EXERCISE DETAILS » From the line containing "国庆假期的红色炸弹,佟湘玉笑了,郭芙蓉却哭了!" to the line containing "مصاحبه گزارش موسیقی" in the entries below, reproduce every line exactly, ends included. Nothing else belongs in the copy, and no pictures.

══ PROVIDED RECORDS

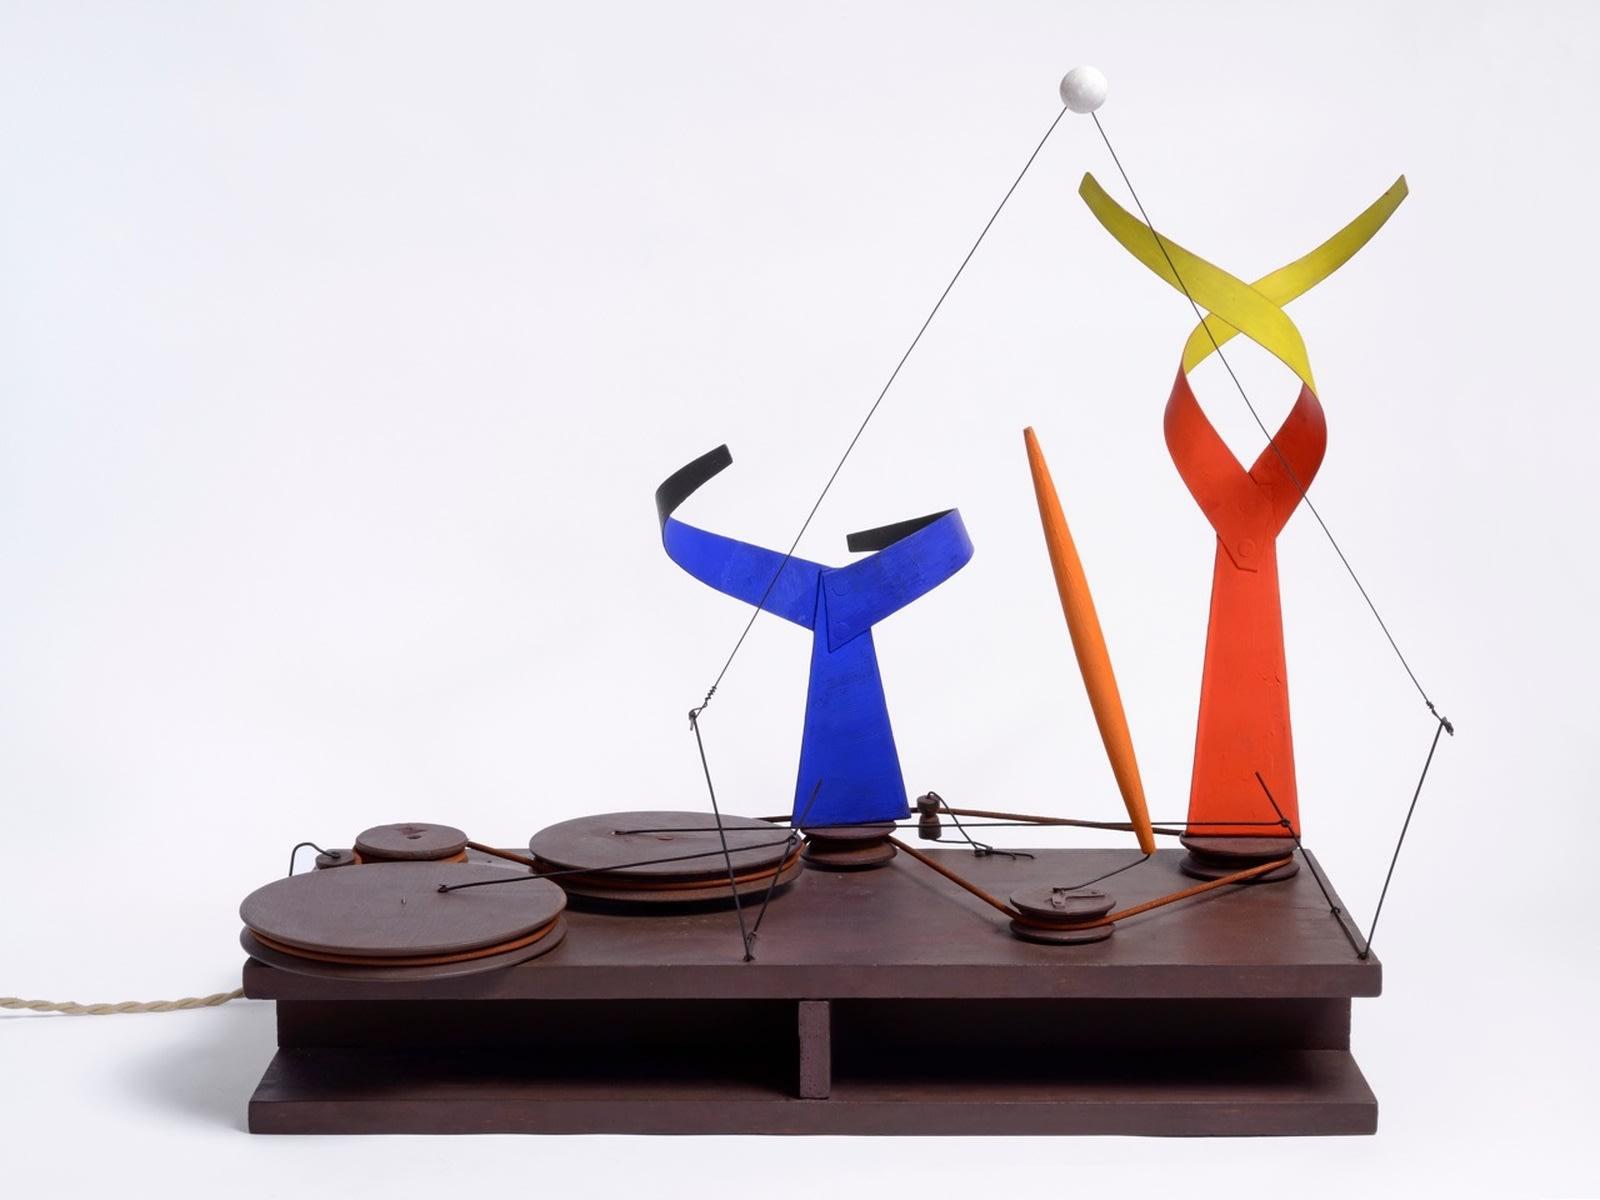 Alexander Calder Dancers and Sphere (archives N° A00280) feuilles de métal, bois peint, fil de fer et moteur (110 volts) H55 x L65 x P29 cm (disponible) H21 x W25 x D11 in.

════
══ PROVIDED RECORDS

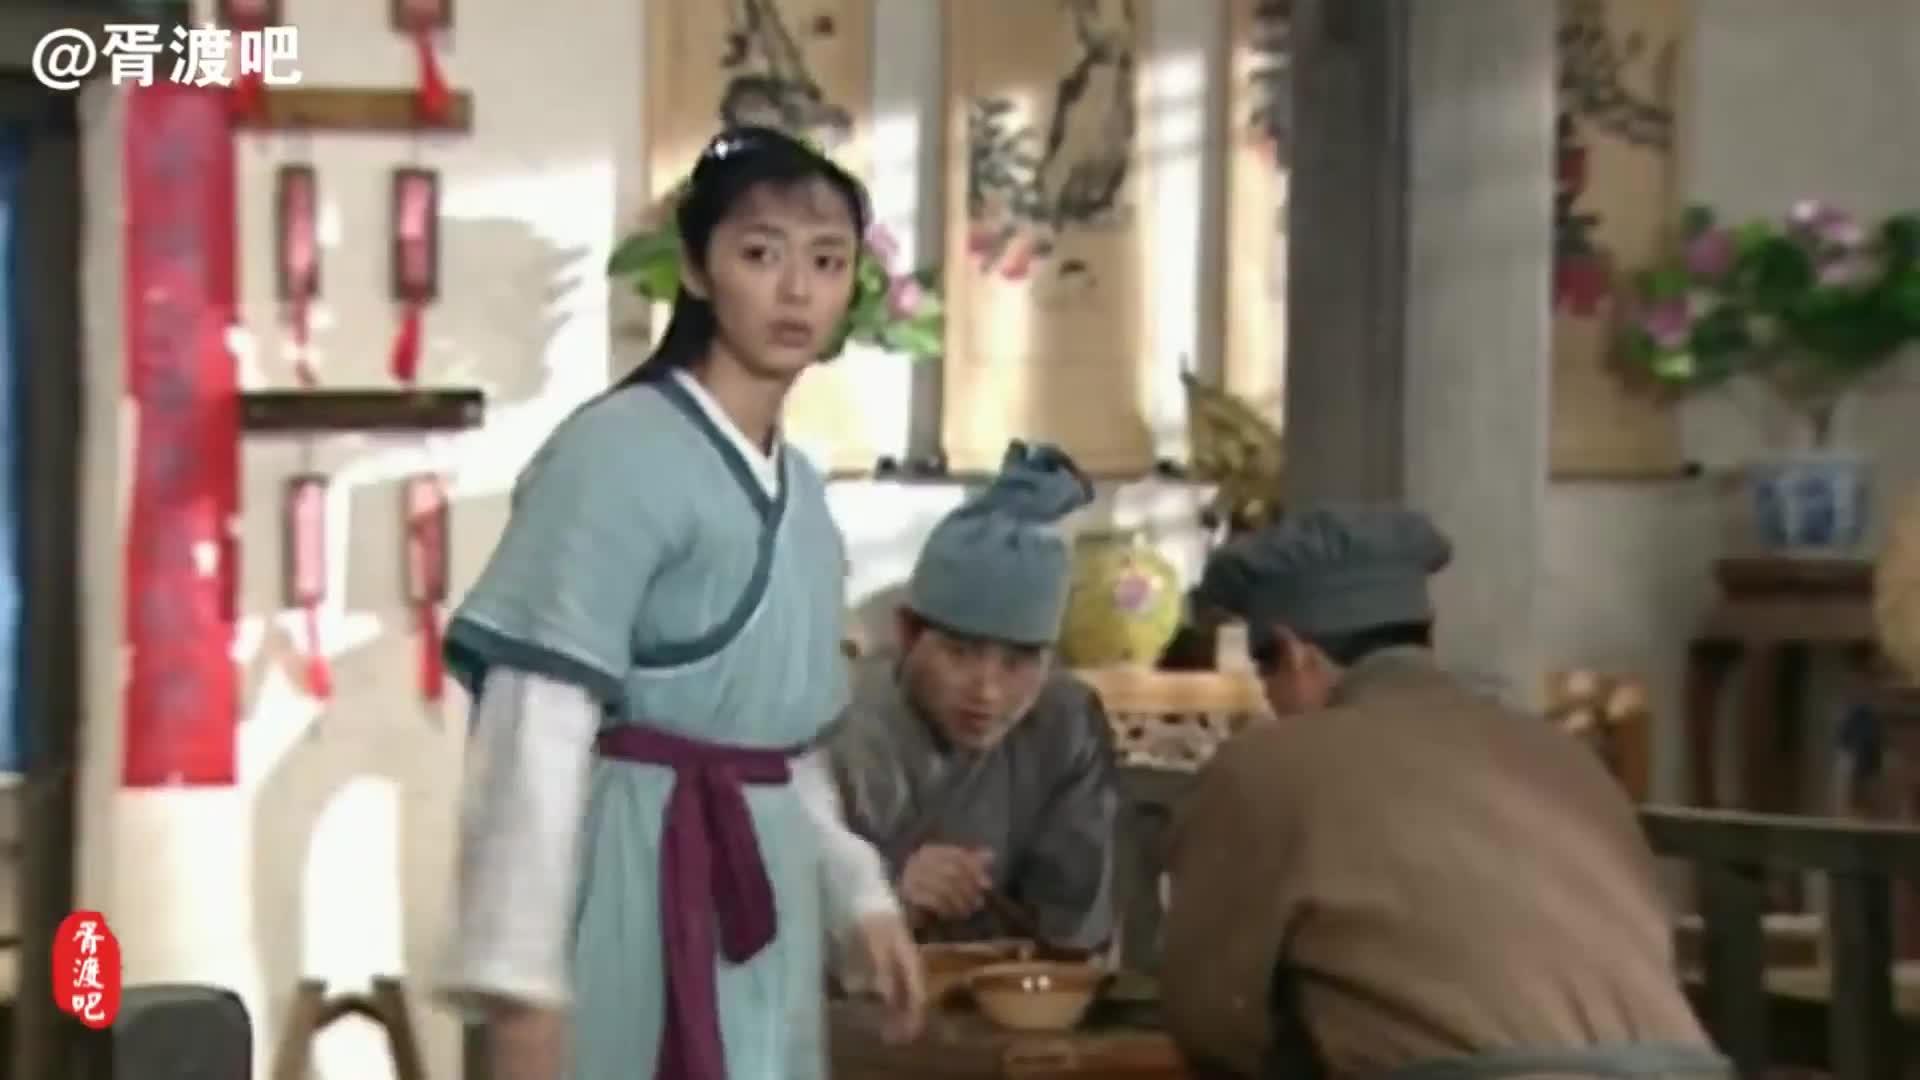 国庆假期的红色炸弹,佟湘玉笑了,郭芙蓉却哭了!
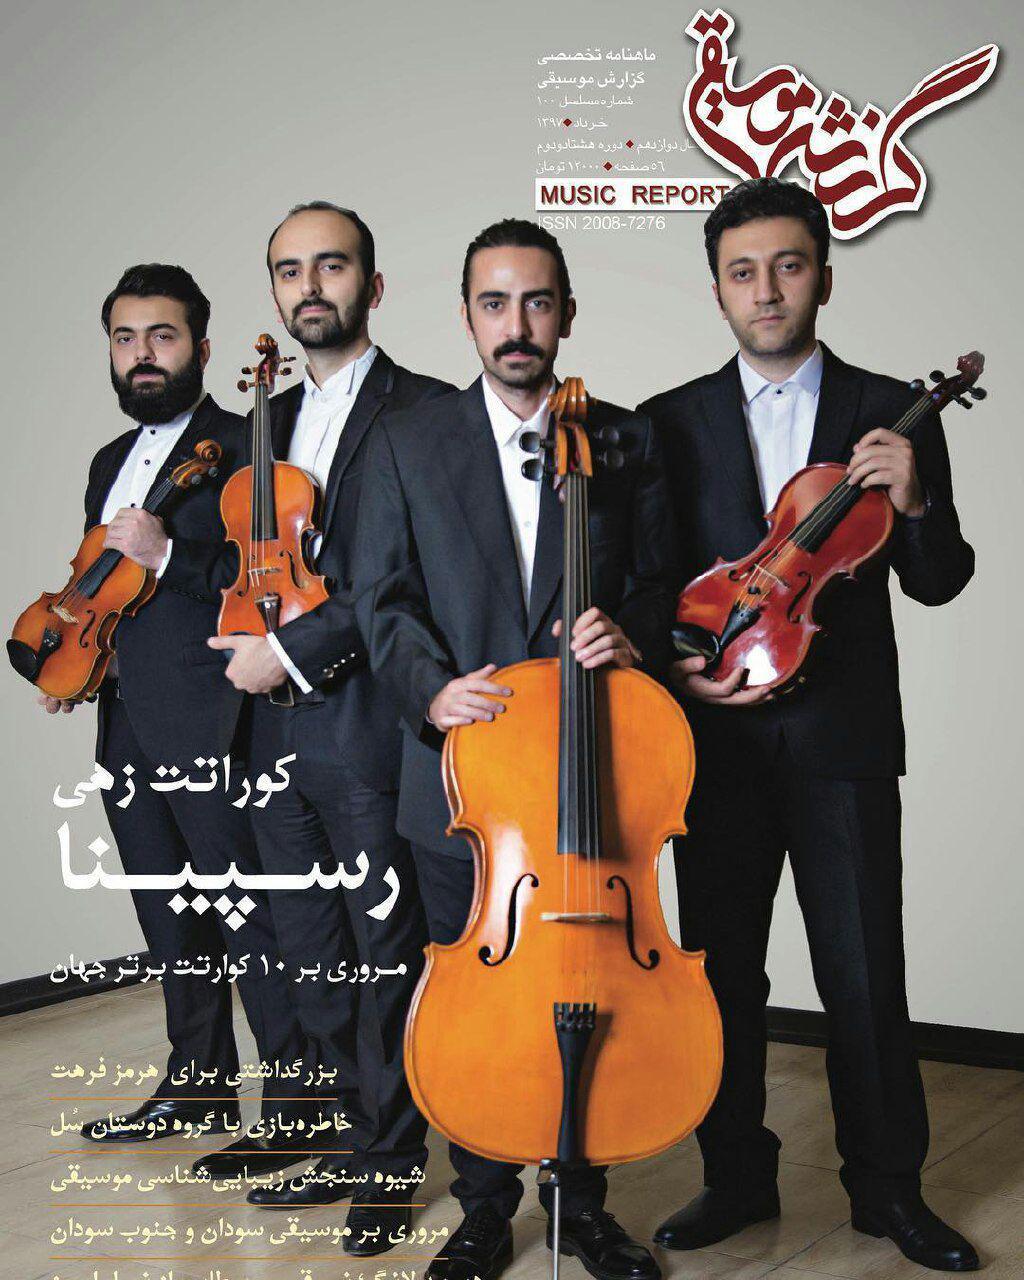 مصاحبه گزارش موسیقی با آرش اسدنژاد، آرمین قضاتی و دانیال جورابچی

════
══ PROVIDED RECORDS

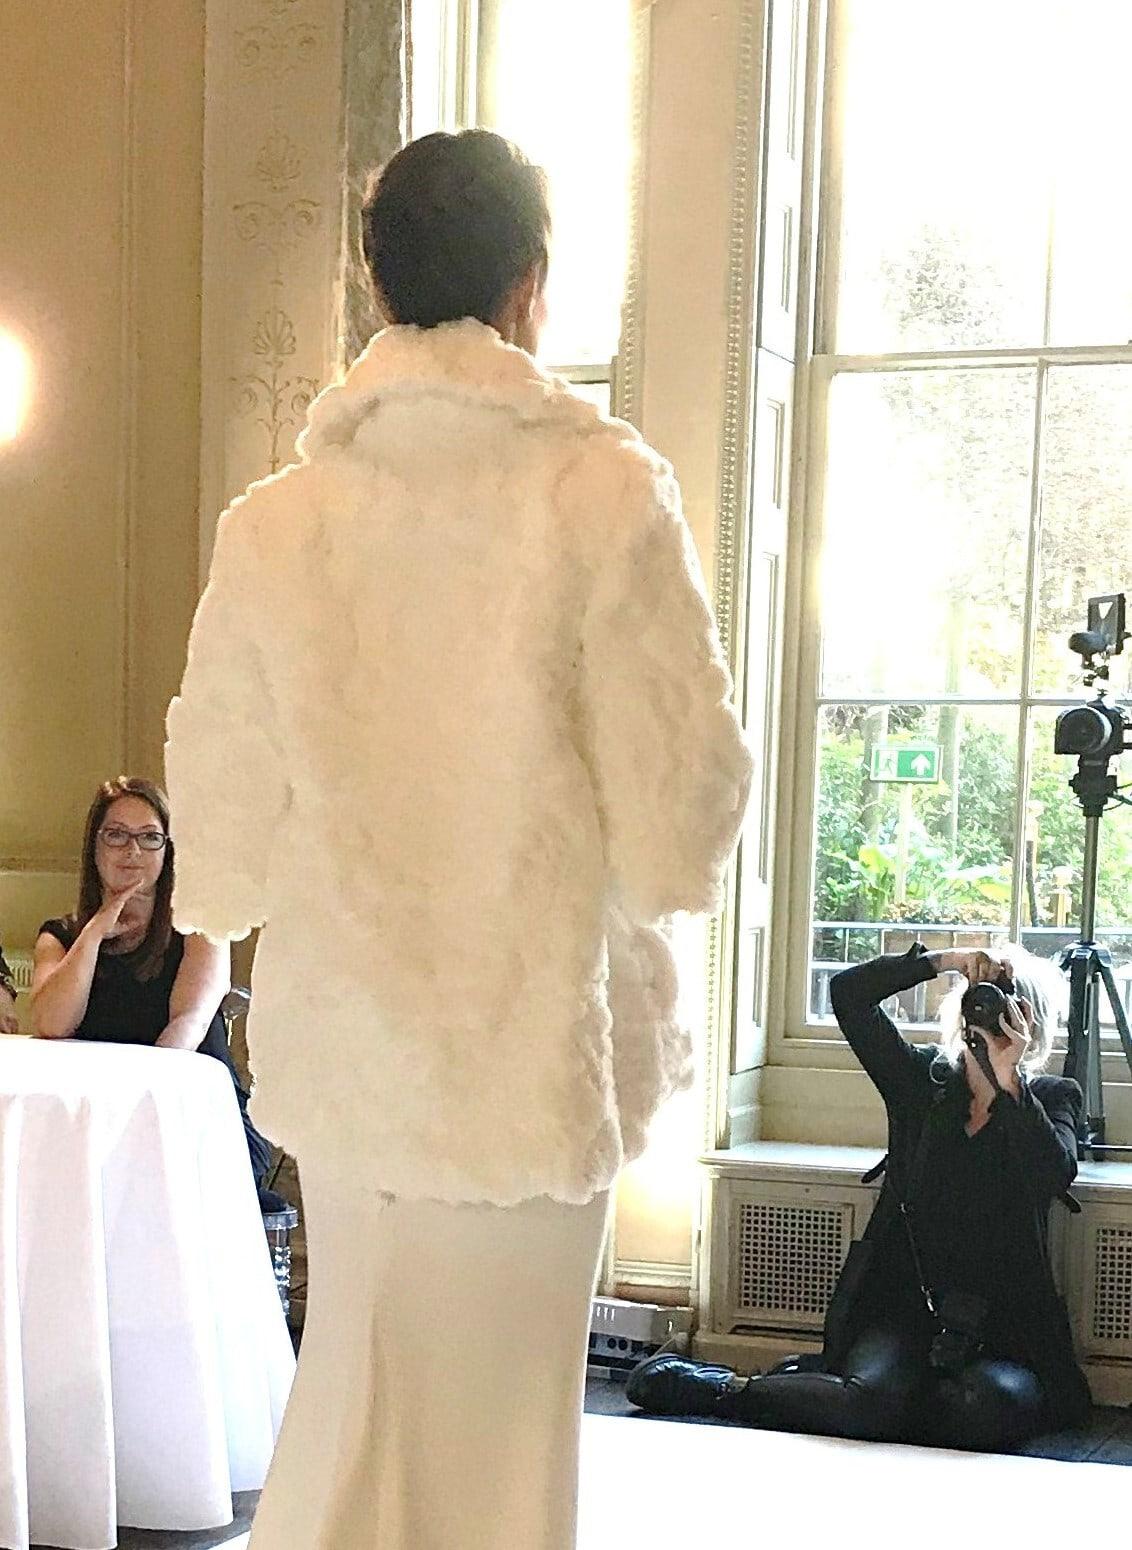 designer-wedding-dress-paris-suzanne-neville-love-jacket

════

EXERCISE OUTPUT »
 国庆假期的红色炸弹,佟湘玉笑了,郭芙蓉却哭了!
 مصاحبه گزارش موسیقی با آرش اسدنژاد، آرمین قضاتی و دانیال جورابچی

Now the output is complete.